In the following year, the group’s growth at current rates was 10.4%, rising to 14.1% at constant rates, while in 2024 (closed last January) Inditex’s sales increase was 7.5%, 10.5% at constant rates. Thus, in three years, the group has lost an aggregate 7.2 points of growth, or an average of 2.4 points annually.
Inditex has lost an aggregate 7.2 points of growth in three years, or an average of 2.4 points annually
The currency impact continues in the current fiscal year. Last week, the company reported that sales grew by 1.6% in the first half, to 18.357 billion euros, while sales at constant exchange rates rose by 5.1%. Inditex forecasts that, at current exchange rates, the currency impact will be approximately 4% of sales for the current year as a whole.
For one of Inditex’s biggest rivals, the Swedish group H&M, the impact of exchange rates has been favorable. With the Swedish krona as the reference currency, H&M has gained eleven points of cumulative growth over the past three years, or an average of 3.6 points each year.
In 2022, the company grew by 12% at current rates and by 6% at constant rates; in 2023, it increased sales by 6% at current rates and reduced them by 1% at constant rates, and in 2024 the evolution has been negative by 1% in the first case and positive by 1% in the second.
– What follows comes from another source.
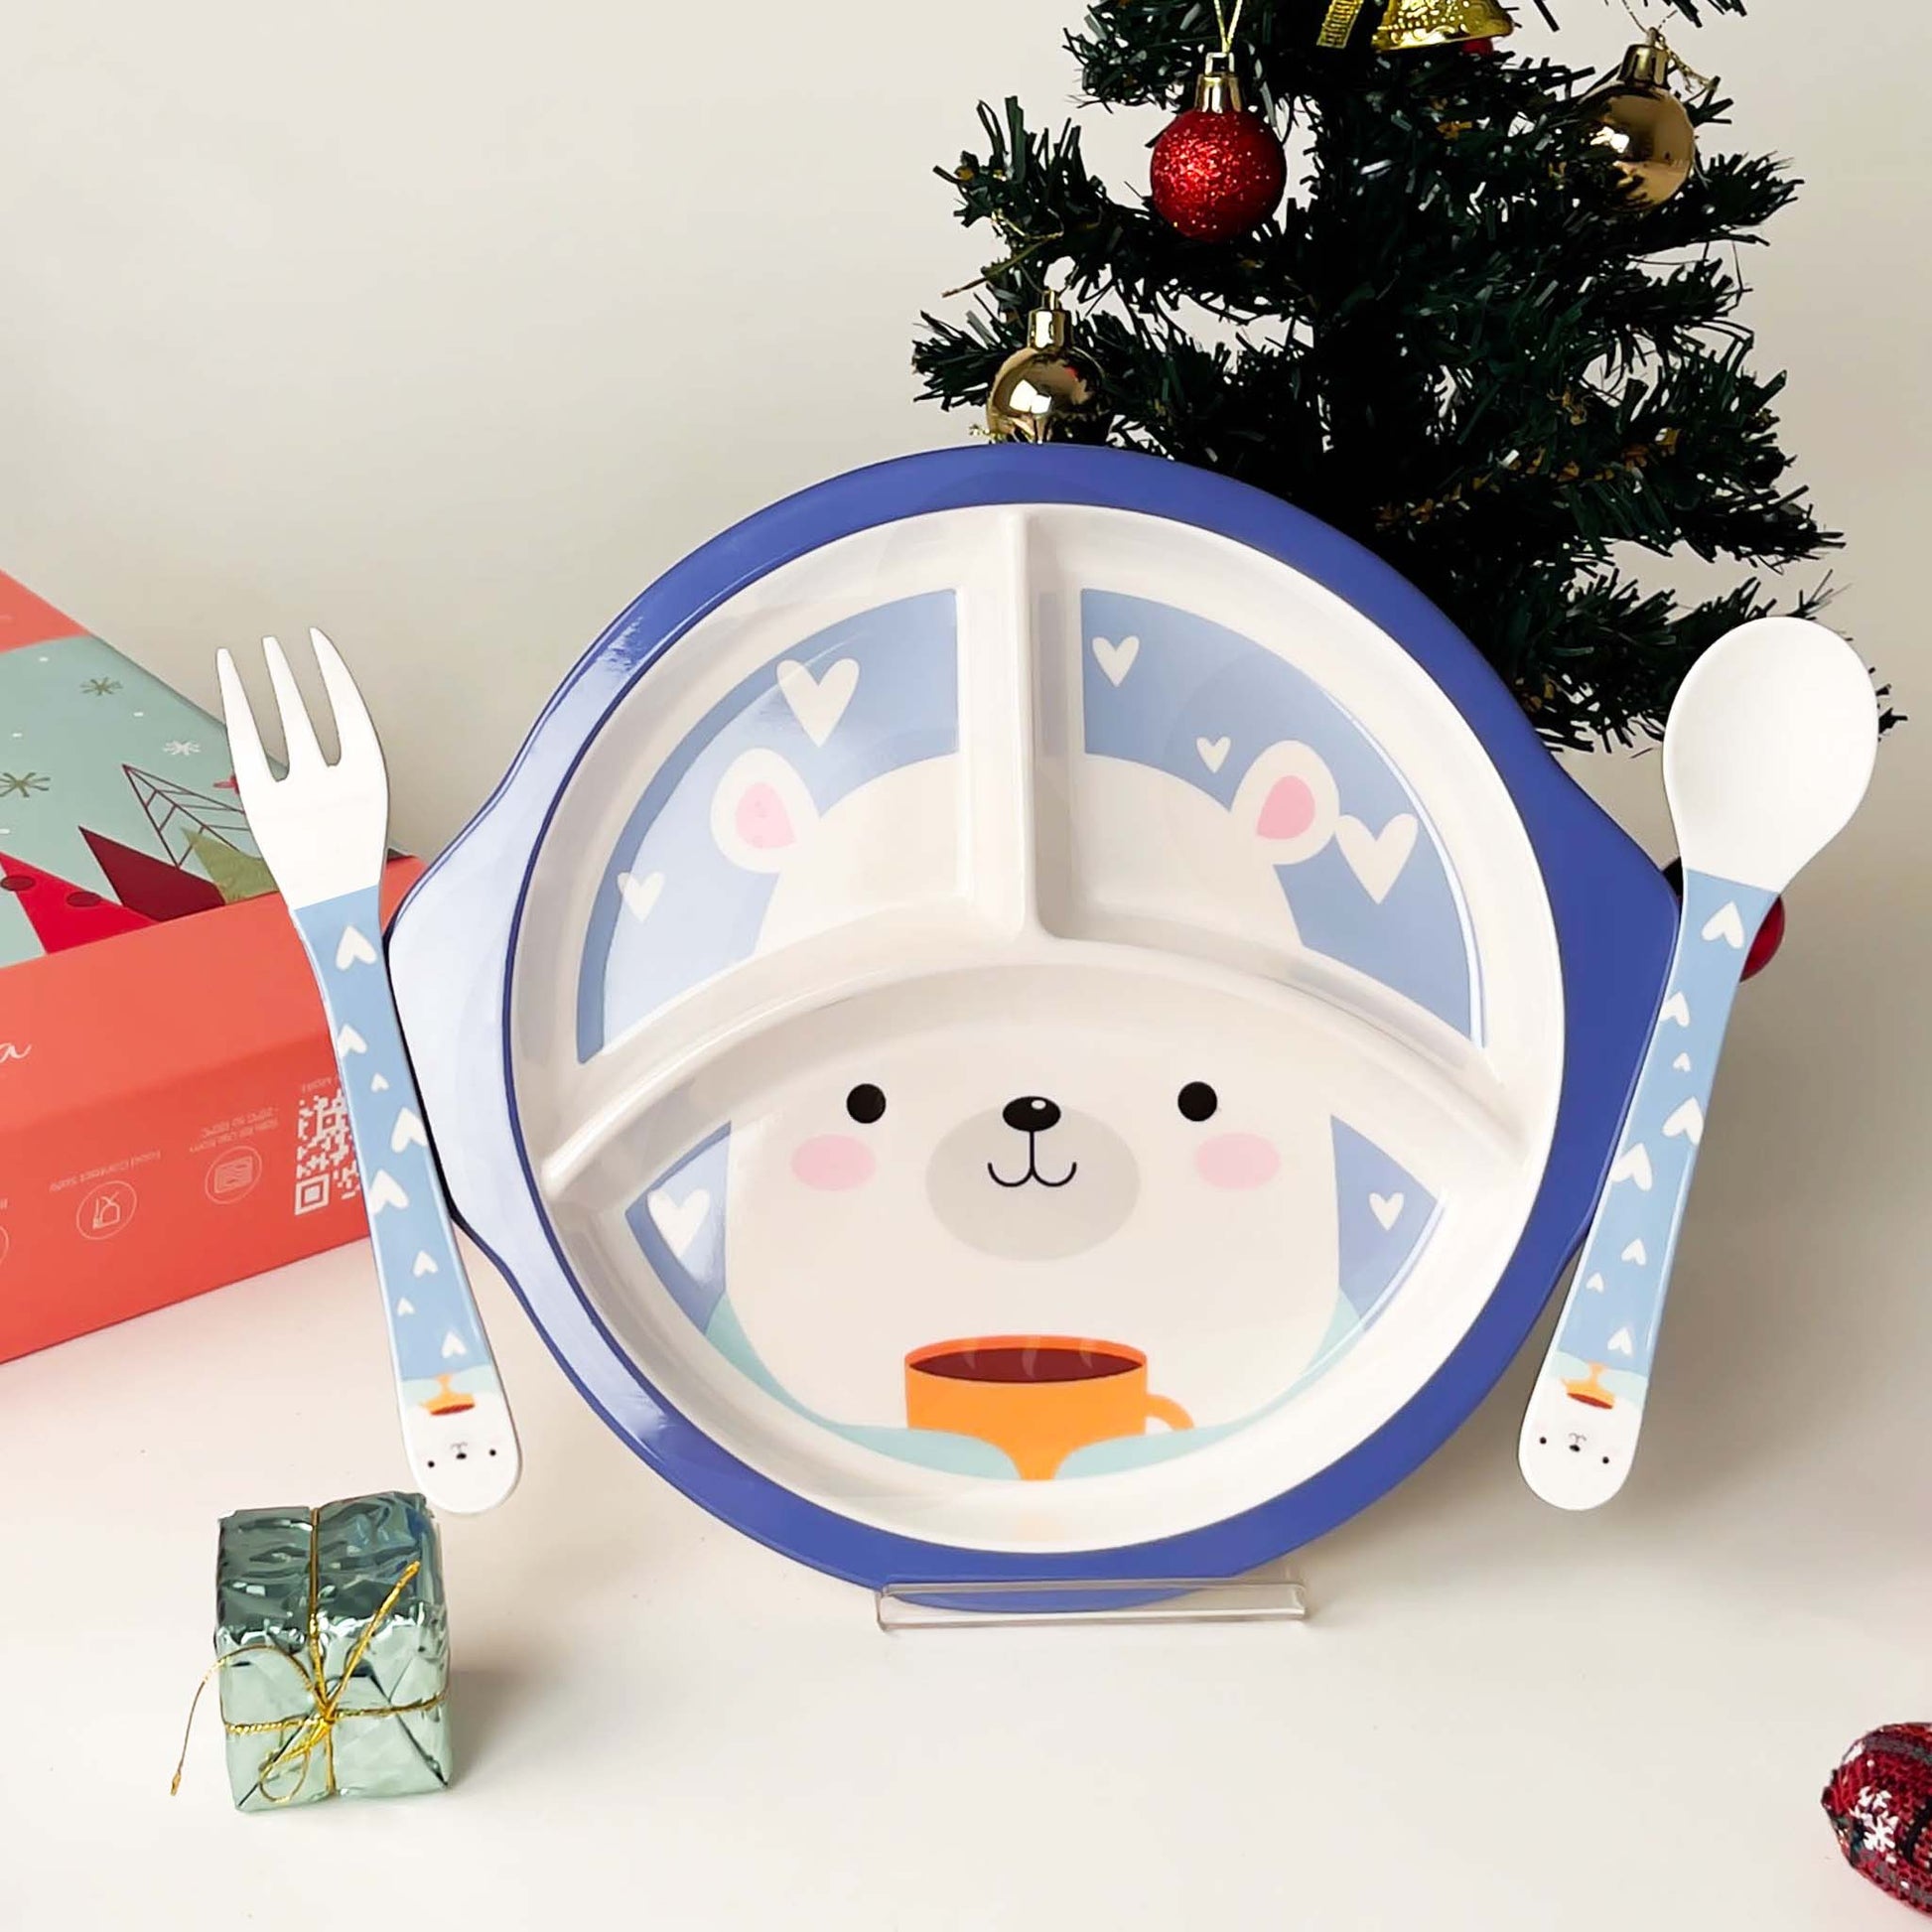 The Plate Story 3 Pcs Children Giftset - Gift of Joy - Bunny

With the Swedish krona as the reference currency, H&M has gained eleven points of cumulative growth over the past three years
Inditex’s high exposure to the United States works against it. At the end of 2024, the U.S. market was Inditex’s second largest market in terms of sales volume. Sales in the American continent amounted to €7.18 billion at the end of the fiscal year, representing 18.6% of the total. A year earlier, sales in the Americas accounted for 19.6% of the total, although sales in the region were lower, at €7.045 billion.
In the first half of 2025, however, America has lost weight in Inditex’s overall business, which has increased its exposure to Europe, which would play in the company’s favor in terms of rates. In the period, the weight of sales in the Americas as a percentage of the total fell by one full point compared to twelve months earlier, to 17.8%.
In Spain, the group accounted for 15.5% of its sales in the first half of the year, equivalent to €2,845.3 million. With a 7.1% jump compared to the same period of the previous year (even higher than the evolution of sales at constant rates in the first half, which increased by 5.1%), the country gained 0.8 points in weight over the total compared to a year ago.
In the rest of Europe, the jump was also 0.8 points, to once again surpass the 50% mark. In the period ended July 31st, Inditex sold products in the rest of Europe for a total of €9.307 billion, 3.2% more than in the first half of 2024. Thus, the weight of Europe in Inditex’s total business increases to 66.2%: 15.5% from Spain and 50.7% in the rest of the European continent.